◆ PROVIDED MATERIAL:
----
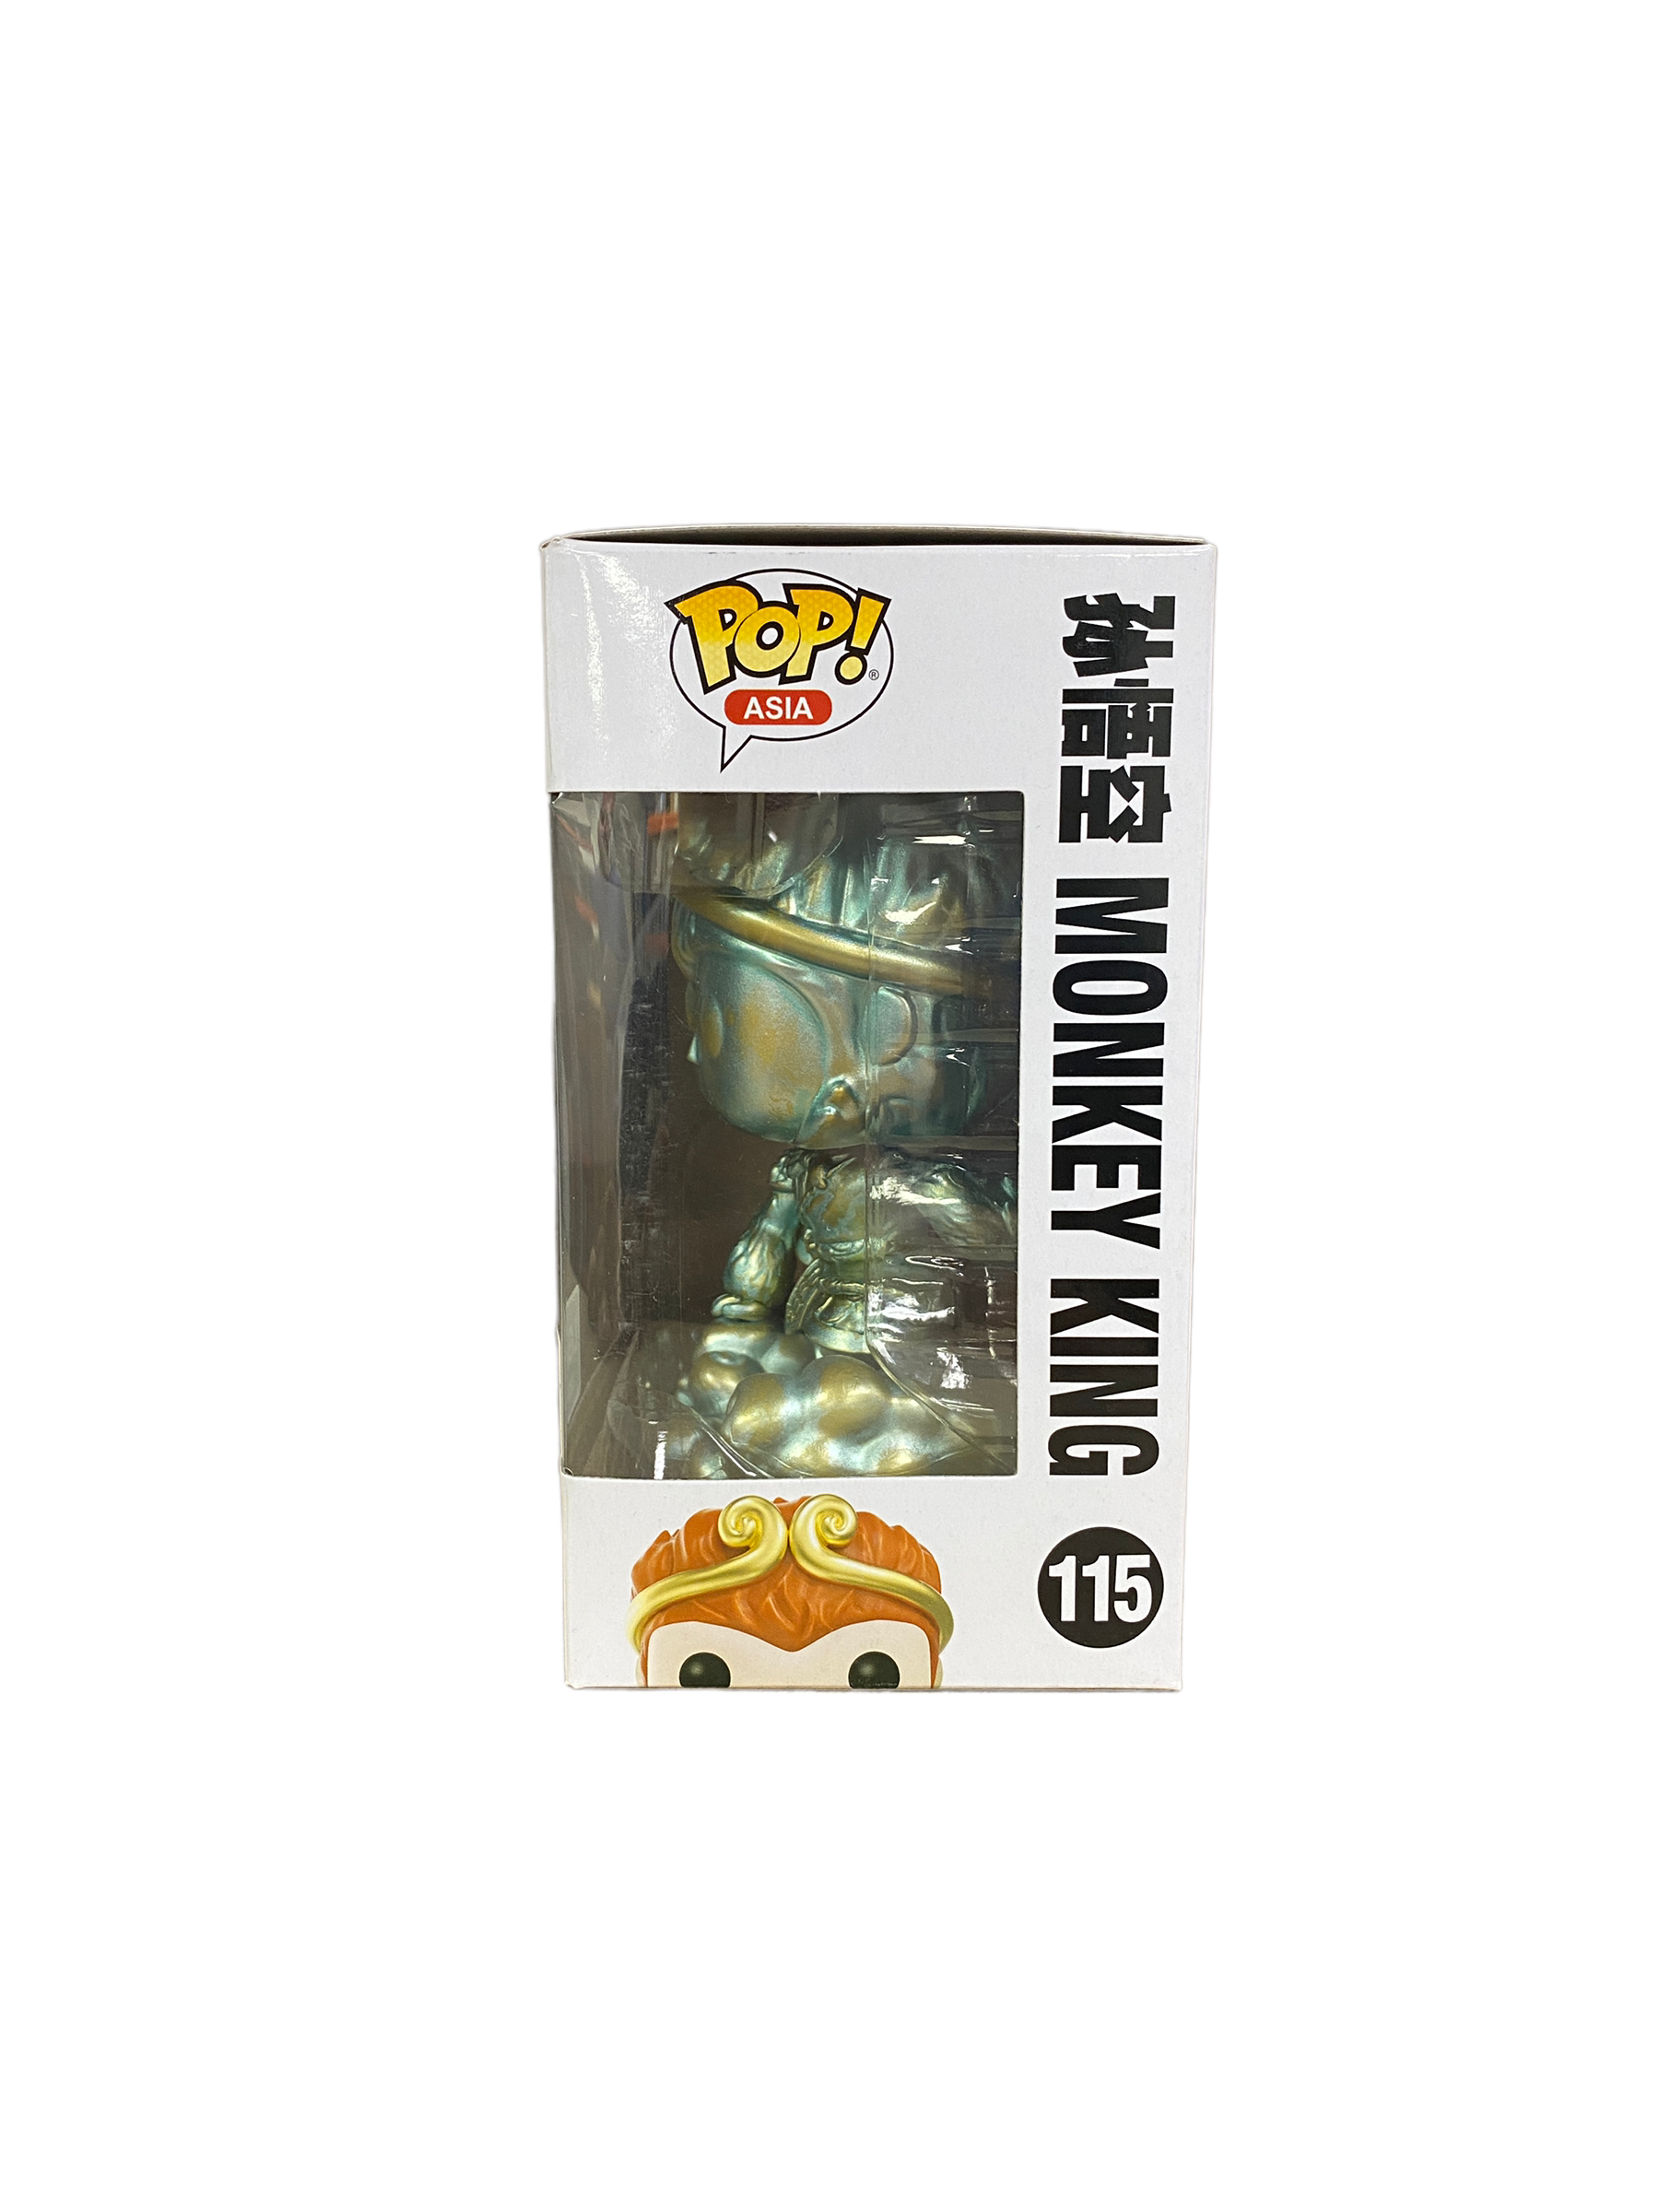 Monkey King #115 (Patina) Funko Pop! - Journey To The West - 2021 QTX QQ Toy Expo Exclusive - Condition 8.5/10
----
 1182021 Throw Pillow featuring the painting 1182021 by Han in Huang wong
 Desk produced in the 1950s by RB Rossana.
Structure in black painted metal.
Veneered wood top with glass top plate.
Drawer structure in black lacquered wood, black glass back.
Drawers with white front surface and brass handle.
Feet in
----
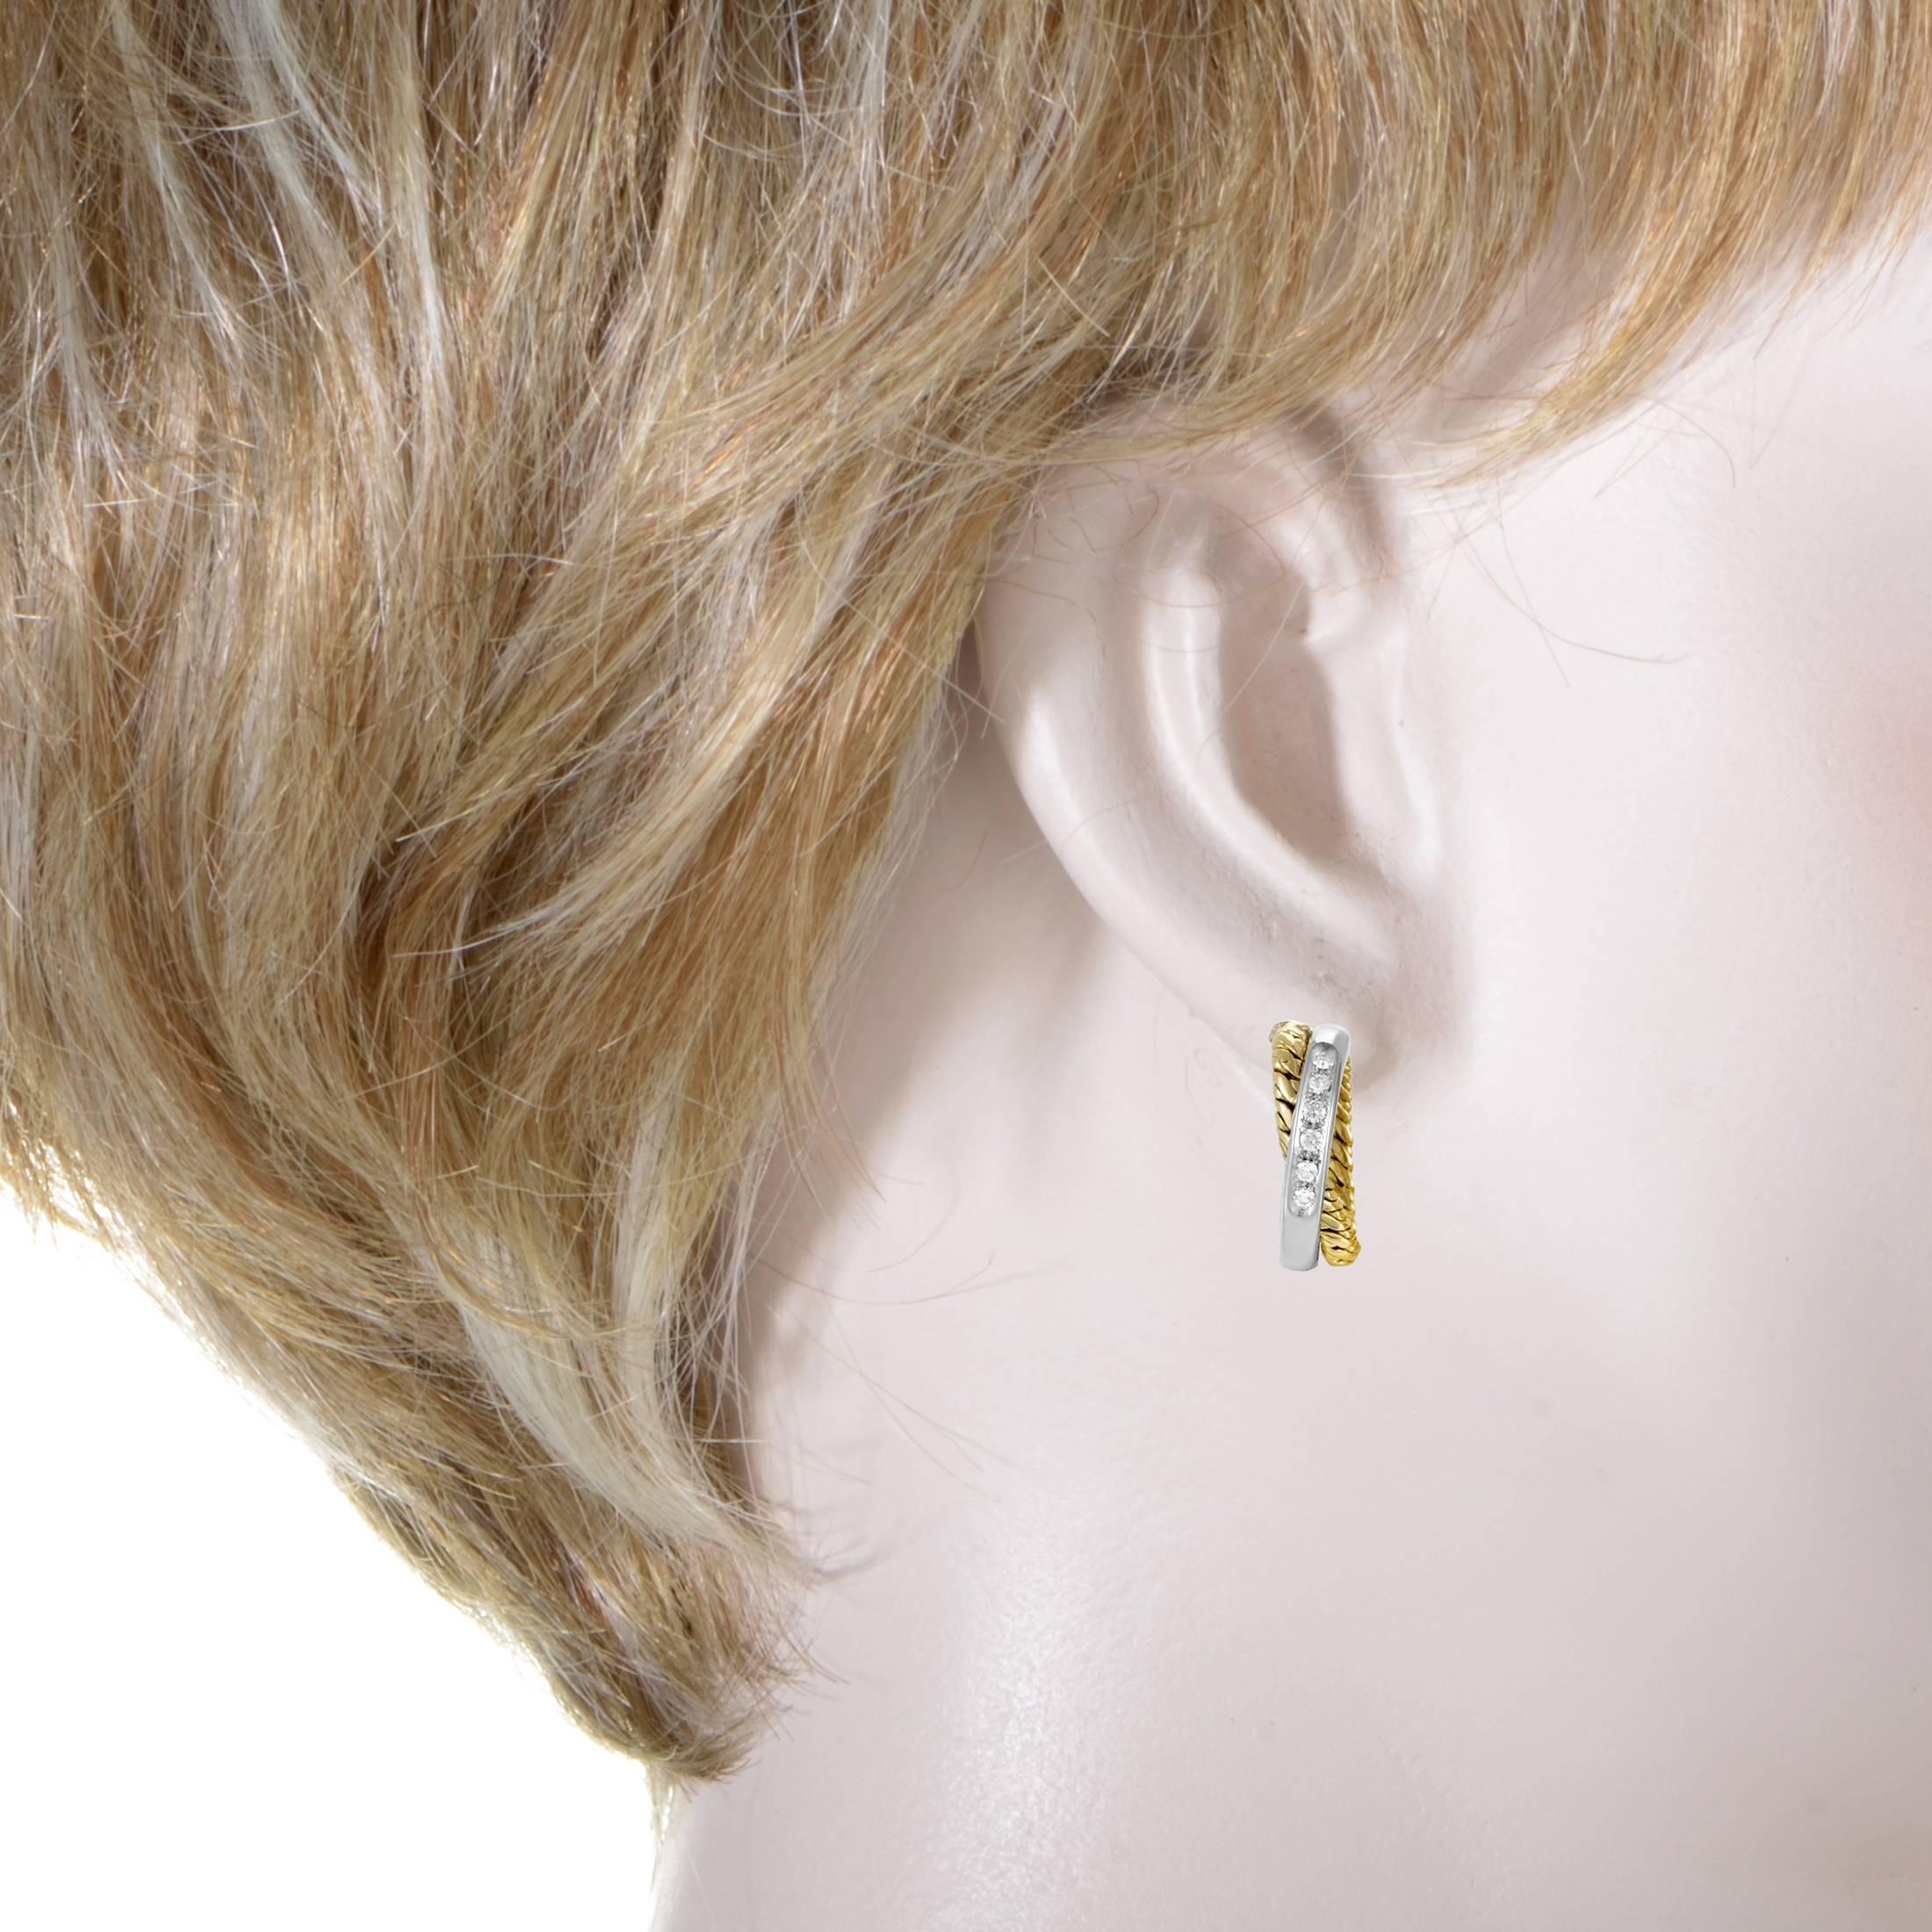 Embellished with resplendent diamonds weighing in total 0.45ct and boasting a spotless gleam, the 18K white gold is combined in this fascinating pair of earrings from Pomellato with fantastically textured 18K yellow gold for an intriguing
----
The word is "black". Copy every line above where it appears.

Structure in black painted metal.
Drawer structure in black lacquered wood, black glass back.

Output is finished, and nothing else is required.